A few days ago came the news that 82 of the students abducted by the terrorist organization Boko Haram while they were in their school have finally been freed and have been able to embrace parents, relatives and friends.
The girls, after being kidnapped, had been hidden deep in the jungle in a den of terrorists and there had been used as sexual slaves and cooks by the militia jihadists, without any rights and with the obligation to stay always shut and not to rebel, punishment atrocious torture. The youth had been forced to convert to the Islamic religion and to wear the whole veil; Shortly after the kidnapping, a photo of them was spread as they recited the verses of the Koran in memory and behind them they saw the terrorists who kept them under fire with heavy weapons.
All were forced to undergo terrible violence and abuse by their jailers, some of them have also had children from their tormentors, very young children who do not know they are born of a violence and that for their mothers will always represent the memory of one of the most terrible experiences that a woman can live.

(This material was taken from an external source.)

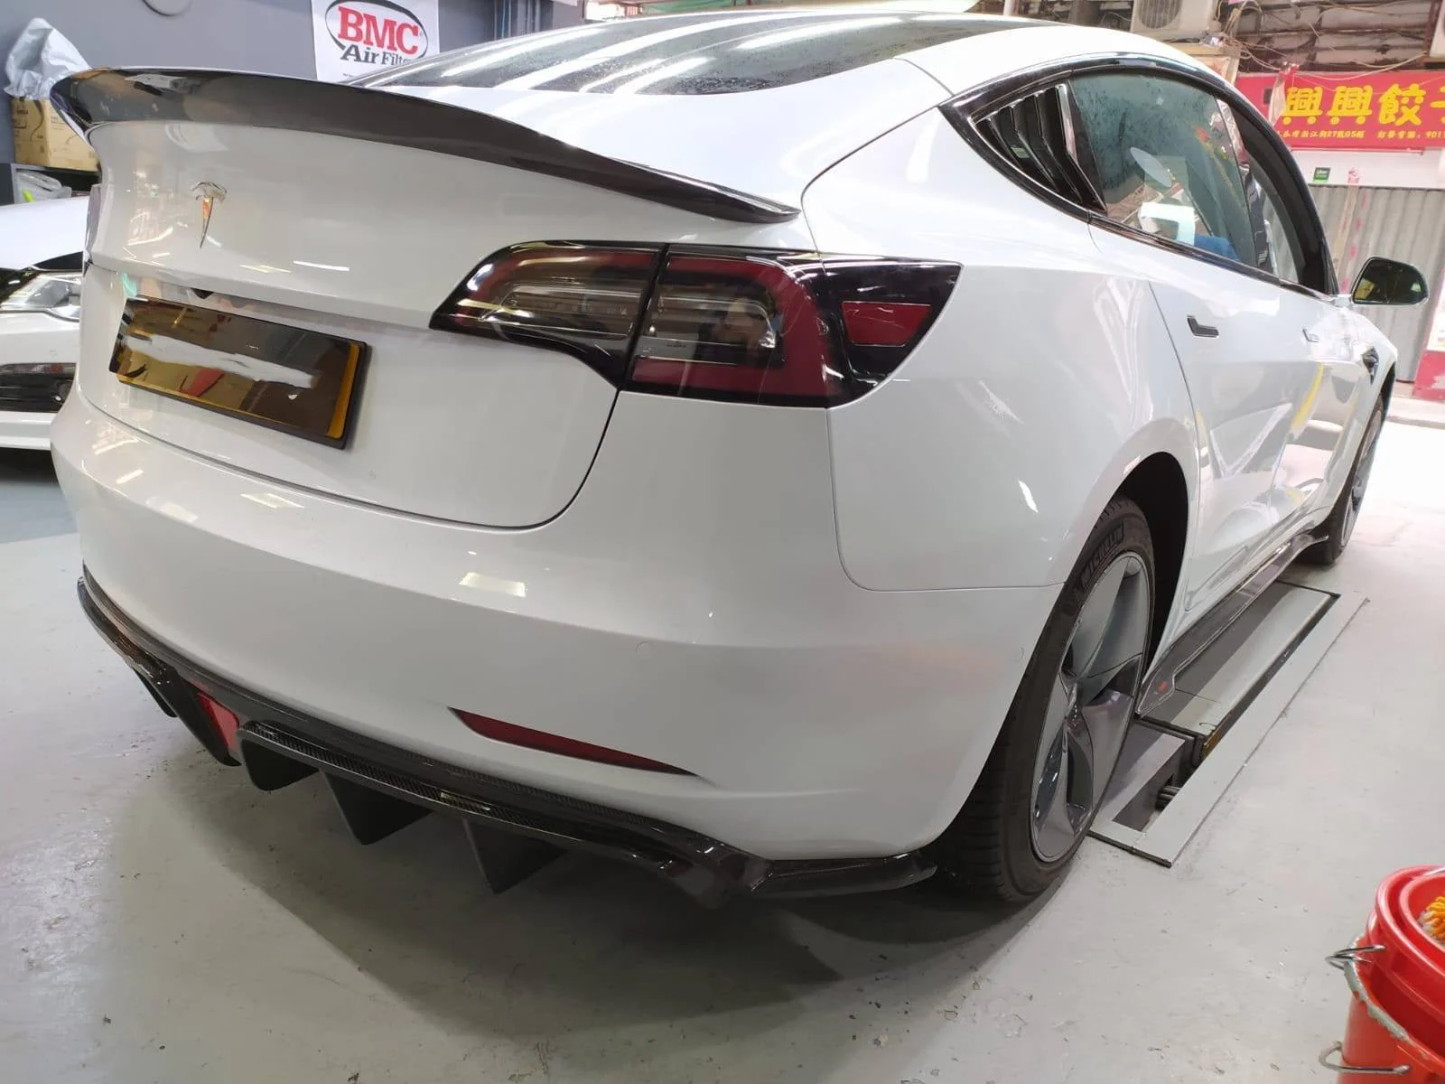 TESEVO Carbon Fiber Rear Spoiler for Model 3

The families of the liberated girls met with their daughters and celebrated with them; now for the young women is planning a slow return to that normal life that for so long, too much time, was denied them even if the psychological wounds never doubtless.
There are other families who still weep and wonder about what neither was their daughters: they are the families of the still-captive schoolgirls who have waited in vain for the arrival of their girls and now ask them to be freed with all the power of despair.
We must not stop shouting “Bring back our girls” because even the other students can soon return to their parents. From their friends and their relatives who are waiting for them and at the same time we must fight to eradicate the scourge of Islamic extremism that denies women even the most basic rights in the name of a distorted vision of Islam.